The next part of the output is the correlations among the fixed effects. This part of the output is not usually of much interest, except when the matrix (in the form of a covariance matrix) is used, for example, in the Delta method such as we used in the GLM practical class. The next part of the output is just a 5 number summary of the residuals. From this, we can get an idea of the skewness of the residuals. Ideally we want the quartiles roughly centered around the median. Finally, there is information on the sample size for the experiment: 72 observations in 6 blocks, with 18 replicates of Variety nested within Block.

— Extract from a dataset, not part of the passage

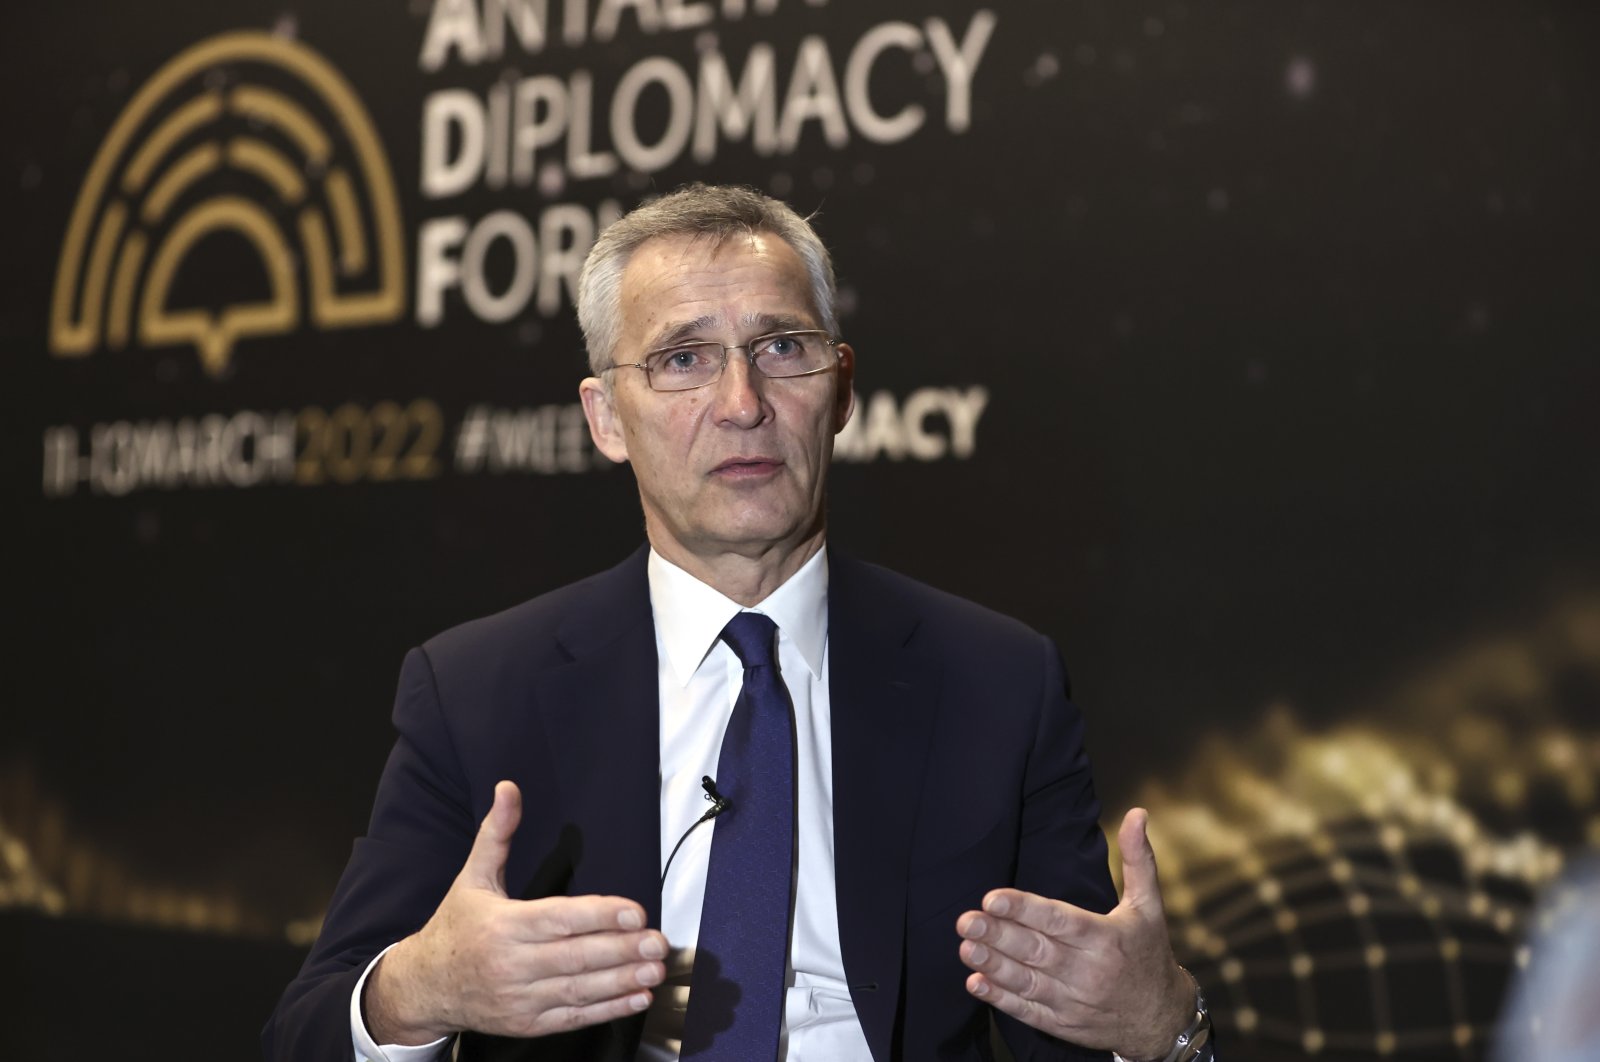 NATO Secretary-General Jens Stoltenberg gives an interview on the sidelines of the Antalya Diplomacy Forum, Antalya, Turkey, March 11, 2022. (AA Photo)
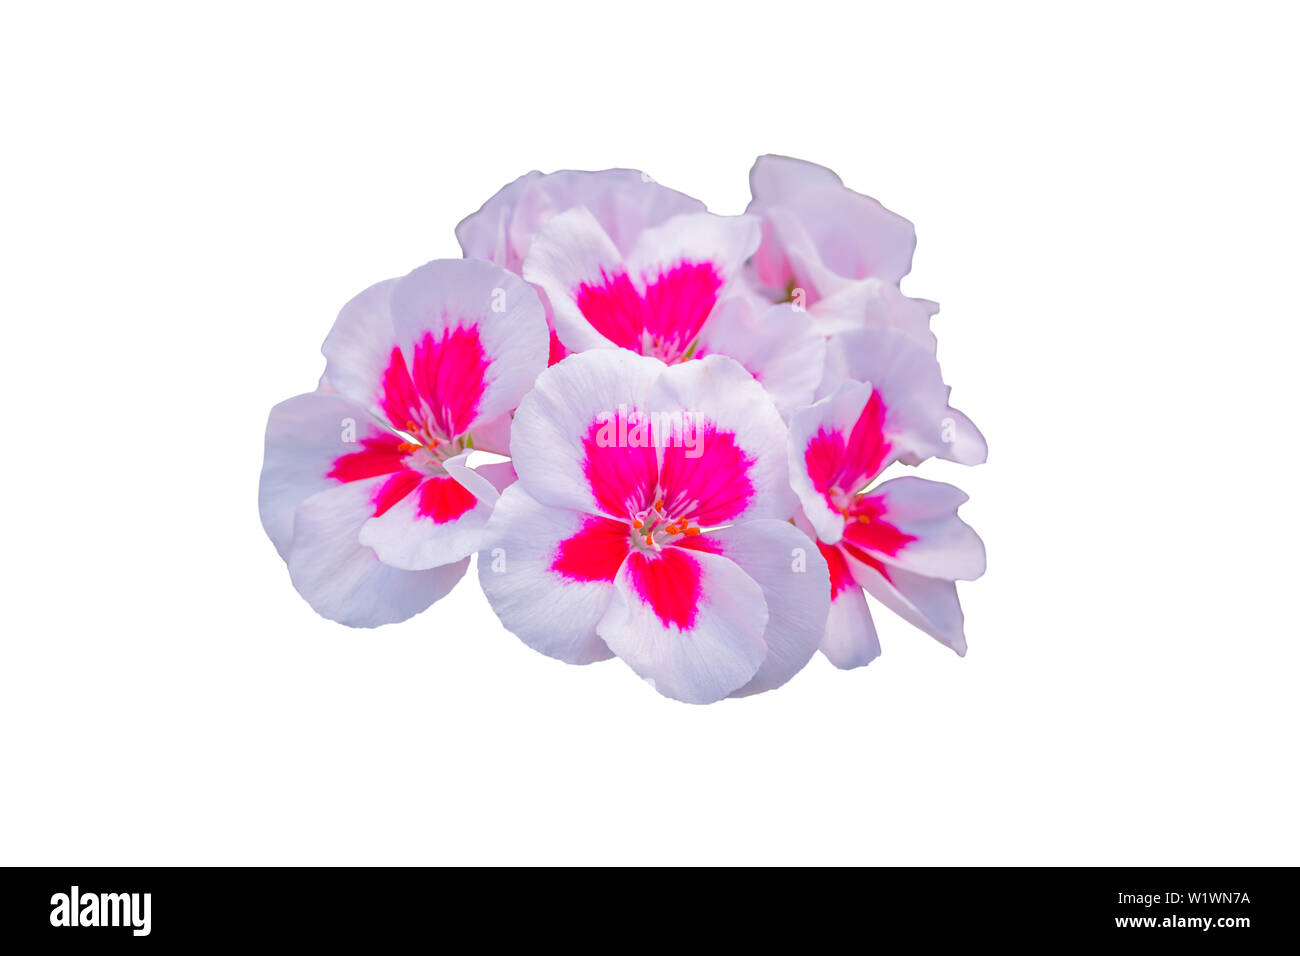 Impatiens walleriana white and pink flowers on white background. Stock Photo

Finally, we should look at some diagnostic plots to determine the appropriateness of our model:
```{r}
plot(fit); qqnorm(fit, abline=c(0,1))
```
We can see that there is good scatter along the fitted values, with no obvious trend or change in variance (trumpet or bow-tie effects). The Normal QQ plot is also quite good. The $\epsilon$'s are mainly on the line, with some slight evidence of right-skew. We can see this because the dots on the left-hand side of the plot fall below the line, showing that the tail is "thinner" than for a Normal distribution, and the dots on the right-hand side of the plot fall above the line, showing that the upper tail is "fatter" than for a Normal distribution. Some skew is very common in these sorts of statistical models, mostly because (by definition) the tails of the distribution are hard to sample.
We can get some idea about what is going on by looking at a histogram of the residuals:
```{r}
library(ggplot2)
dat <- data.frame(residuals = resid(fit))
ggplot(aes(x=residuals, y = after_stat(density)), data=dat) +
geom_histogram(bins=15, fill="white", colour="black") +
geom_density()
```
We can see that there is a slight hint of bimodality, but this is not worth worrying about and didn't really jump out at us from the QQ plot. We can see that there are more data on the far right-hand side than on the far left, showing the skew to the right.